Оставаясь профессором (до 12 апреля 1824 г.), Балудьянский продолжал вести борьбу с Руничем. Тем временем Балудьянский был снова определен (21 апреля 1822 г.) в комиссию составления законов членом совета ее, причем ему было поручено заведывание делопроизводством совета. Здесь он снова встретился со Сперанским, которому по возвращении из ссылки было поручено наблюдение над работами комиссии. Вслед за вступлением на престол император Николай I вызвал Балудьянского к себе, изложил ему свое намерение привести в порядок действующее законодательство и совещался с ним о способе исполнения этого намерения. 31 января 1826 г. учреждено II отделение собственной Е.И.В. канцелярии, на которое возлагалось дело кодификации законов, а 4 апреля Балудьянский был назначен начальником этого учреждения. Главное руководство над работами было поручено Сперанскому. Таким образом, Балудьянский сделался ближайшим сотрудником Сперанского при составлении Свода Законов; хорошие личные отношения между ними способствовали успеху дела. Главную роль играл Сперанский: Балудьянский самостоятельно не выступал и был только исполнителем или советником по отдельным вопросам. В 1828 г. Балудьянскому было поручено наблюдать за учебными занятиями тех студентов духовных академий, которые были избраны для подготовки к преподаванию юридических наук в высших учебных заведениях. Этому поручению Балудьянский уделял большое внимание и непосредственно руководил работами студентов, два года спустя командированных для дальнейших занятий за границу. В 1839 г. Балудьянский был назначен сенатором. В должности начальника II отделения Балудьянский оставался и при преемниках Сперанского («главноуправляющих II отделения») Д.В. Дашкове и Д.Н. Блудове, до самой смерти, последовавшей 3 апреля 1847 г. Ученые труды и записки Балудьянского до сих пор не напечатаны, и хранятся в делах II отделения (архив Государственного Совета). Наиболее крупною является его работа об истории различных хозяйственных систем. Балудьянский обладал разнообразными и широкими познаниями в области экономических и политических наук, умением методически работать и руководить работами других. Как лектор, судя по словам его ученика, императора Николая I, он не отличался даром слова. Русским языком он владел плохо; на многих иностранных мог легко писать, но объяснялся не без труда. Современники единогласно отзуваются как о человеке очень скромном, мягком, прямом и благородном”.
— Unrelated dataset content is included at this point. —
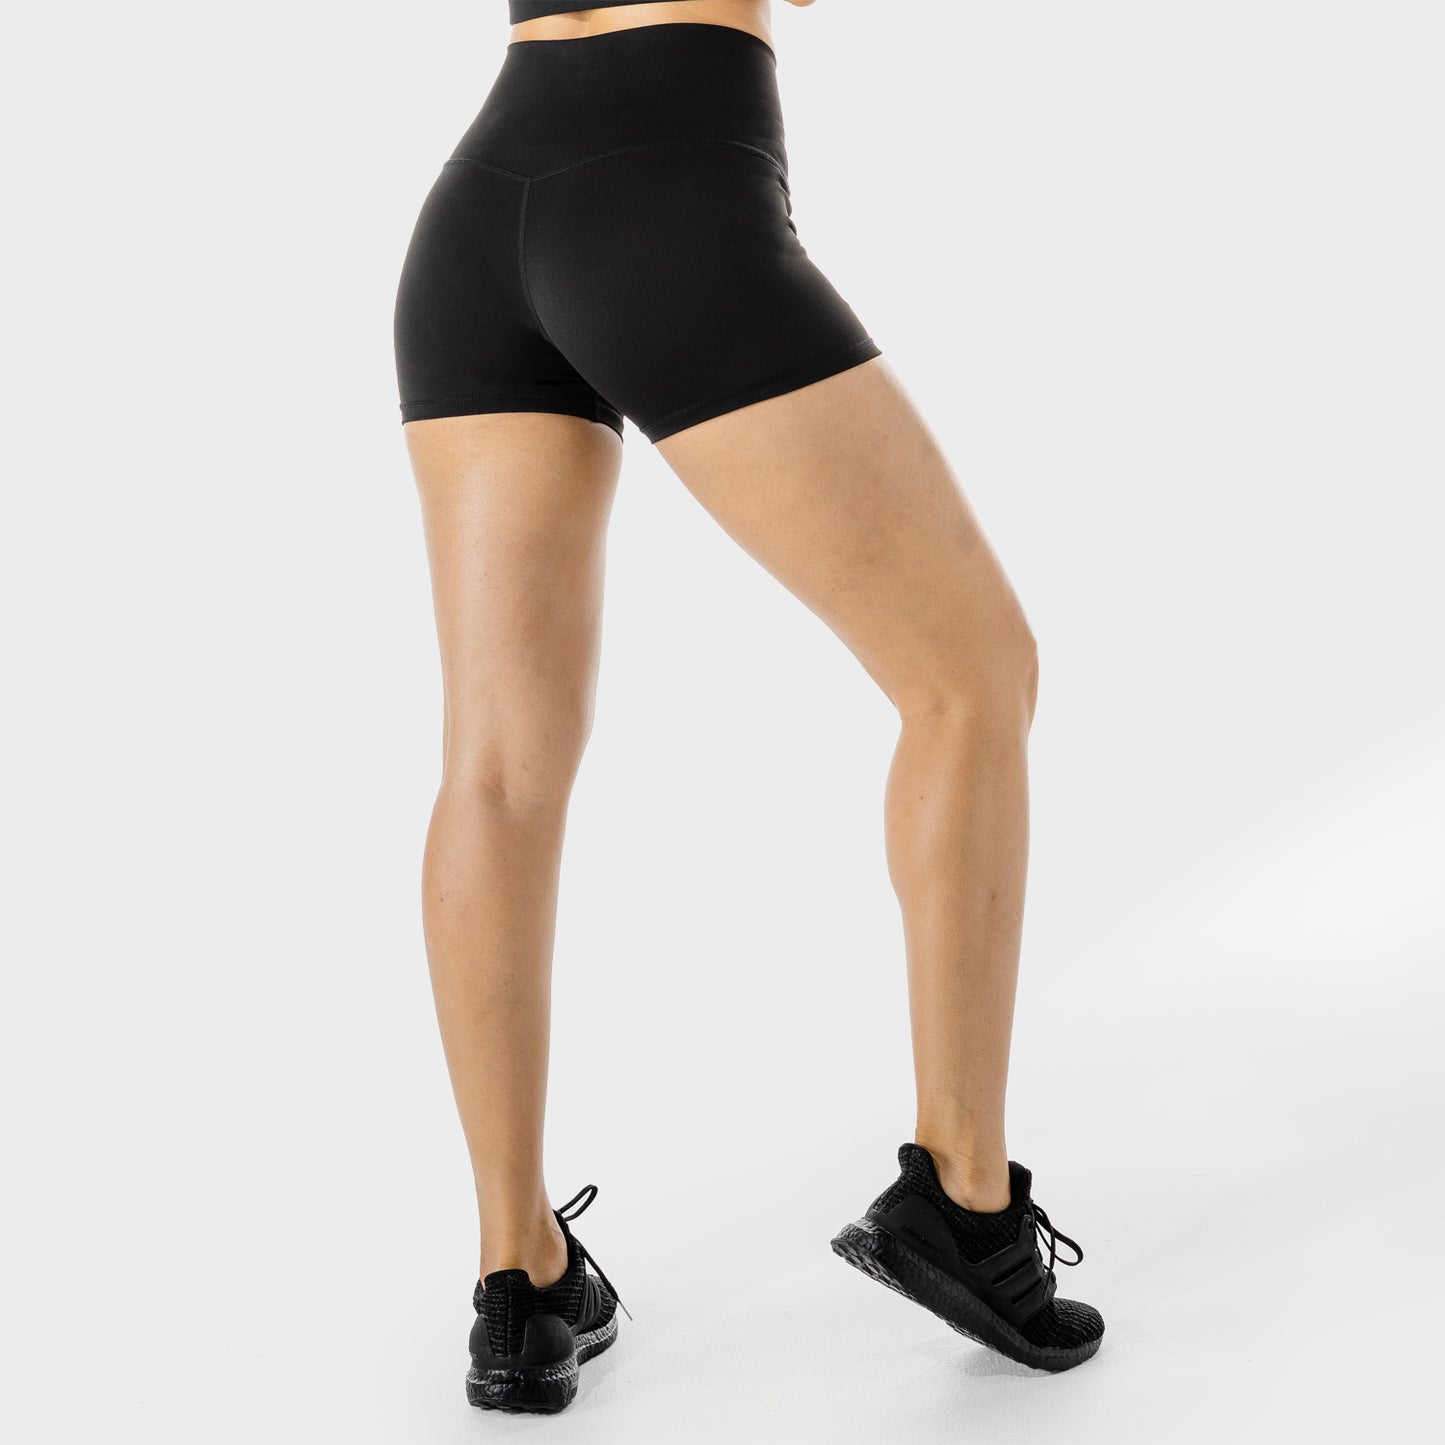 squatwolf-workout-clothes-womens-fitness-tie-shorts-black-gym-shorts

К вышеприведенной характеристике проф. А.Э. Нольде надо добавить, что сочинение М.А. Балудьянского „Изображение различных хозяйственных систем” положило основание русской политико-экономической терминологии.

 

Петр Дмитриевич ЛодийПетр Дмитриевич Лодий (1764-1829), уроженец Угорской Руси, преподавал в 1787-1801 годах логику и метафизику во Львовском университете на славяно-русском и латинском языках; в 1790 году издал „Наставления любомудрия” Хр. Баумейстера; в 1801-1803 годах состоял профессором философии и математики в Краковском университете. Переселившись в Россию, П.Д. Лодий читал (1809-1819 гг.): в Педагогическом Институте — логику, метафизику и нравственную философию, а в Училище Правоведения — естественное (частное, публичное, государственное и народное) и уголовное право. Перевел на русский язык: „Частное естественное право” Цейлера (1809 г.) и первую часть „Уголовного права” Фейербаха (1810 г.). Написал „Логические наставления, руководствующие к познанию и различению истинного от ложного” (Петроград, 1815 г.), которые признаны были в 1820 году Ученым Комитетом „опаснейшими по нечестию и разрушительным началам”. В доносе в Ученый Комитет, в котором заседали мракобесы Рунич и Магницкий, было упомянуто о том, что Лодий, превосходя открытостью нечестия и Куницына (автора „Права естественного”) и Галича (проф. философии в Петроградском университете в 1820 году), занимает в университете должность декана и преподает естественное право. В действительности же, из „Логических наставлений” видно, что П.Д. Лодий не пошел дальше, сделанного школой Вольфа и не был знаком с философией Канта. В 1828 году издал „Теорию общих прав”. В течение 10 лет (с 1819 г. и до самой смерти) П.Л. Лодий состоял профессором права и философии в Петроградском университете. Для характеристики общественных взглядов П.Д. Лодия необходимо отметить, что он (как равно и его земляки И.С. Орлай и М.А. Балудьянский) был близок с Сперанским, принимал вместе с ним живое участие в деятельности Библейского Общества, масонской ложи и либеральных кружков; Лодий посоветовал Сперанскому вызвать из Львова масона Фесслера и был свидетелем принятия Сперанского в ложу в 1810 году. П.Д. Лодий поддерживал связи с Карпатской Русью и обогатил библиотеку Василианского монастыря во Львове ценным пожертвованием книги.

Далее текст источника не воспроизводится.